ですが、エルヴィスは楽譜も読めないし、ダンスも上手くないなど、思うところはあったのでしょう。

しかし、そんな思いをどこかへ追いやってしまうほど、レッドはエルヴィスの音楽の才能を日々目の当たりにして、時に驚愕していたのだと思います。

 

歌が上手な人と、容姿、特に顔のいい人は、ポピュラー音楽の世界では明らかに優位です。

この後に少し出てきますが、楽器演奏は、長期にわたる地道な努力が必要なのに、代えはいくらでもいるというのが一般的な考え方なんですよね。

 

昔、地元でフラメンコの一座の公演を鑑賞して、踊りとギターに感動したことがありました。

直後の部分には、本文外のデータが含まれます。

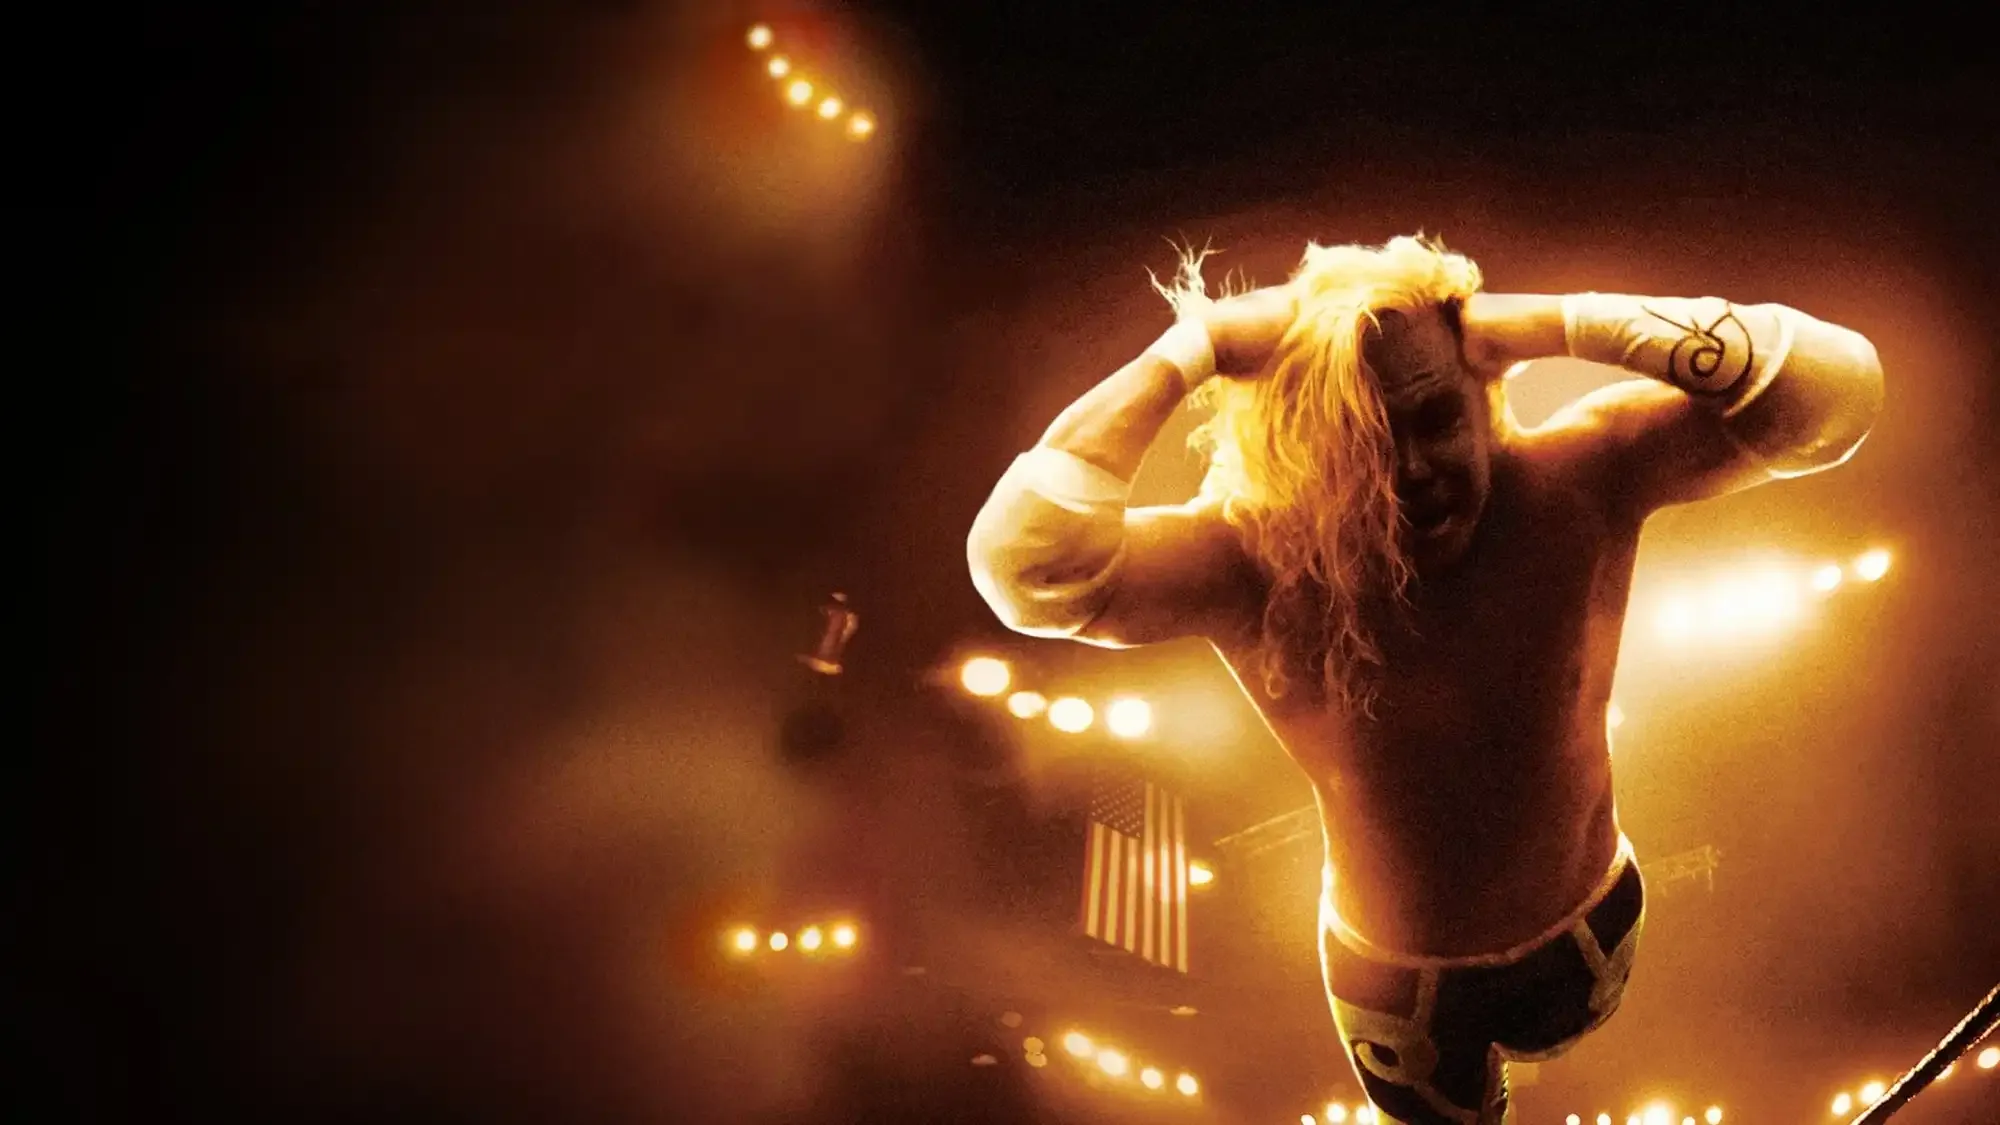 The Wrestler movie review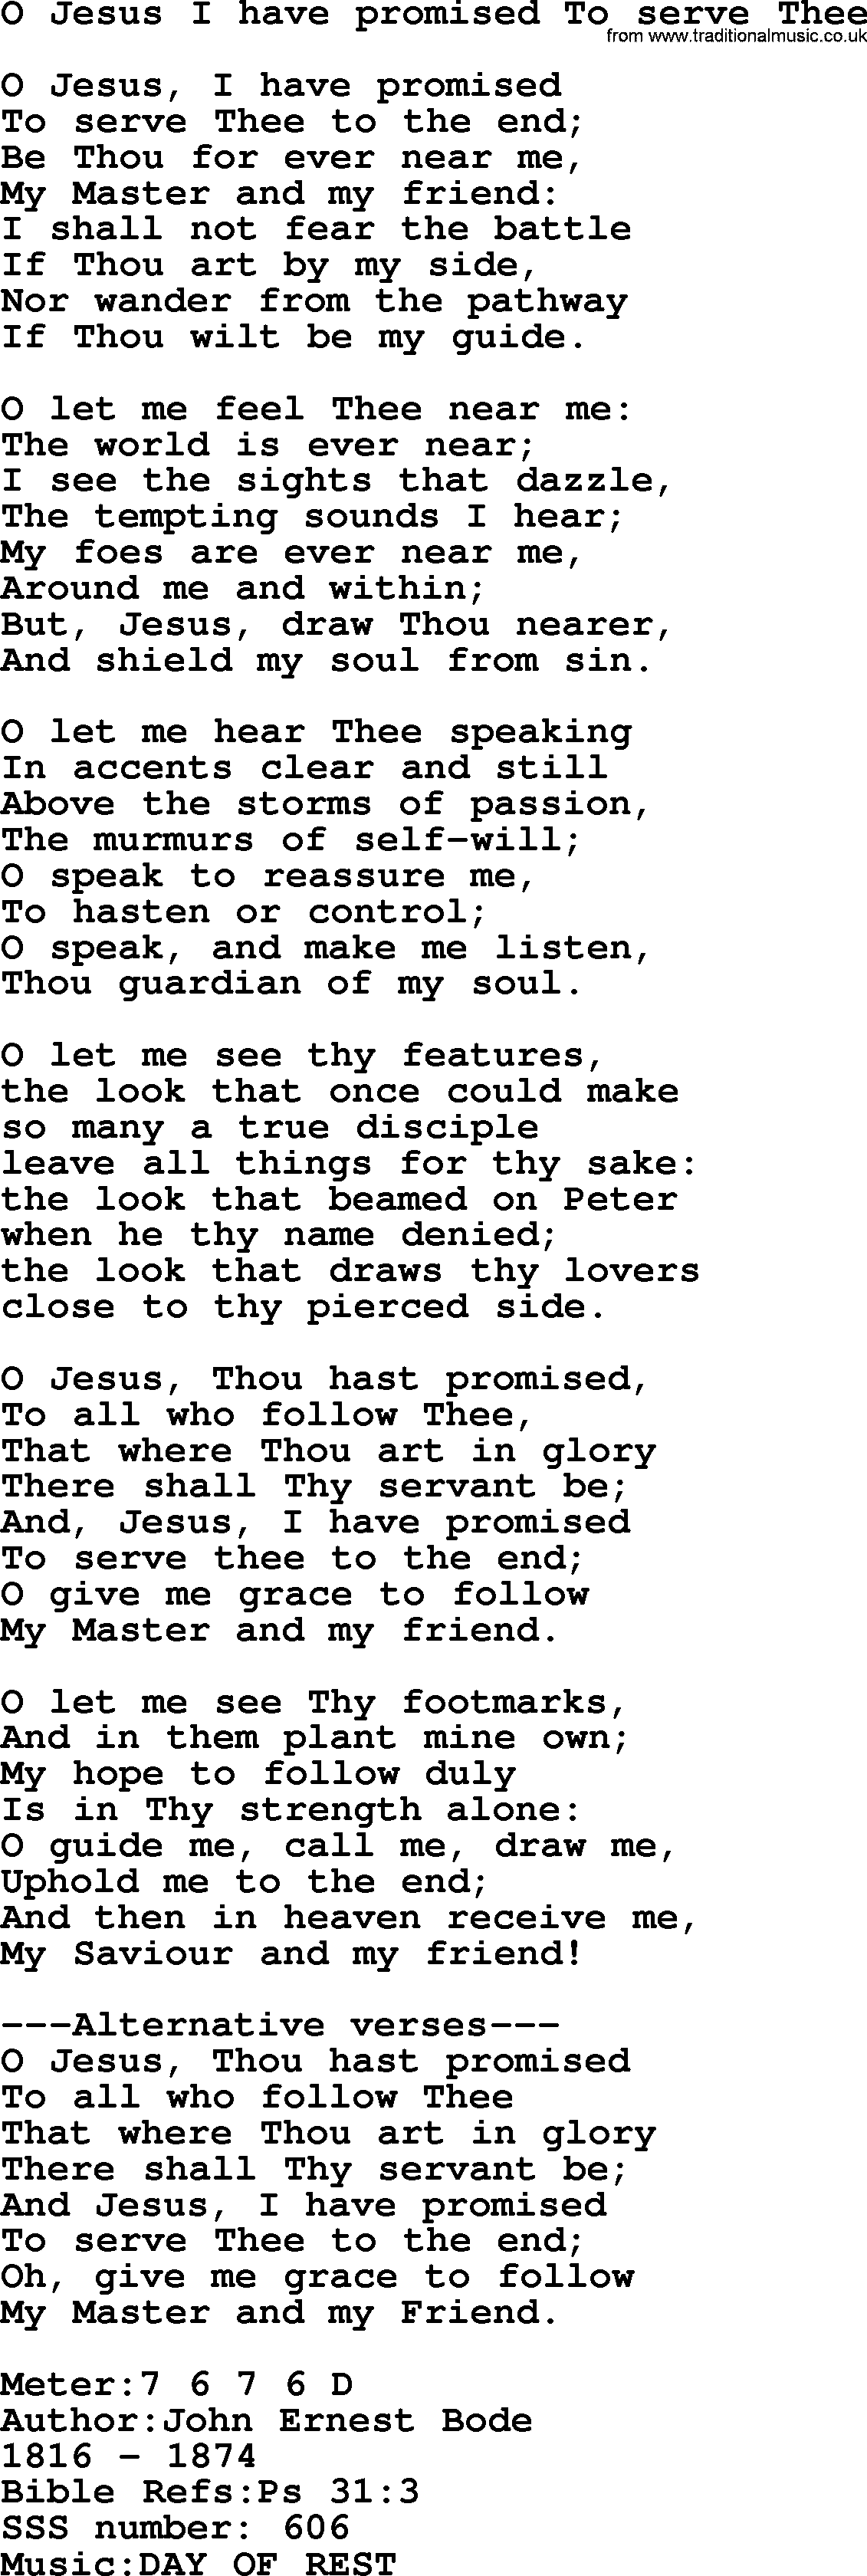 Sacred Songs and Solos complete, 1200 Hymns, title: O Jesus I Have Promised To Serve Thee, lyrics and PDF

特にフラメンコギターを生で聴いたのは初めてだったので、感激しました。

ところが、テレビか何かで、フラメンコで重要なのは歌だと知りました。

スペイン語の訳のわからない民謡のような歌がメイン?

美しく情熱的な舞や、哀愁漂うギターの音色より、あのオッサンの変な歌が上?

私のフラメンコの価値観に混乱を来しました(笑)

 

これも昔の地元での話ですが、小さなフィリピンパブや韓国パブでは、たいてい1人の女性歌手と5人前後の女性ダンサーが一緒に働いていました。

女性歌手は店の中心的存在で、ダンサーたちとは一線を画していると感じました。

ダンサーたちのほうが若くて綺麗でも、歌手にはとても気を使っているようでした。

どの歌手も自信満々でプライドが高そうに見えましたが、さすがに歌は上手かったです。

 

歌手になるには天賦の才が必要で、努力ではどうにもなりません。

それだけ歌が上手く、加えて容姿がいいというのは、売れても売れなくてもすごいことで、それに運とか、時代の波にピタッとハマった人だけが、スターになれるんですよね…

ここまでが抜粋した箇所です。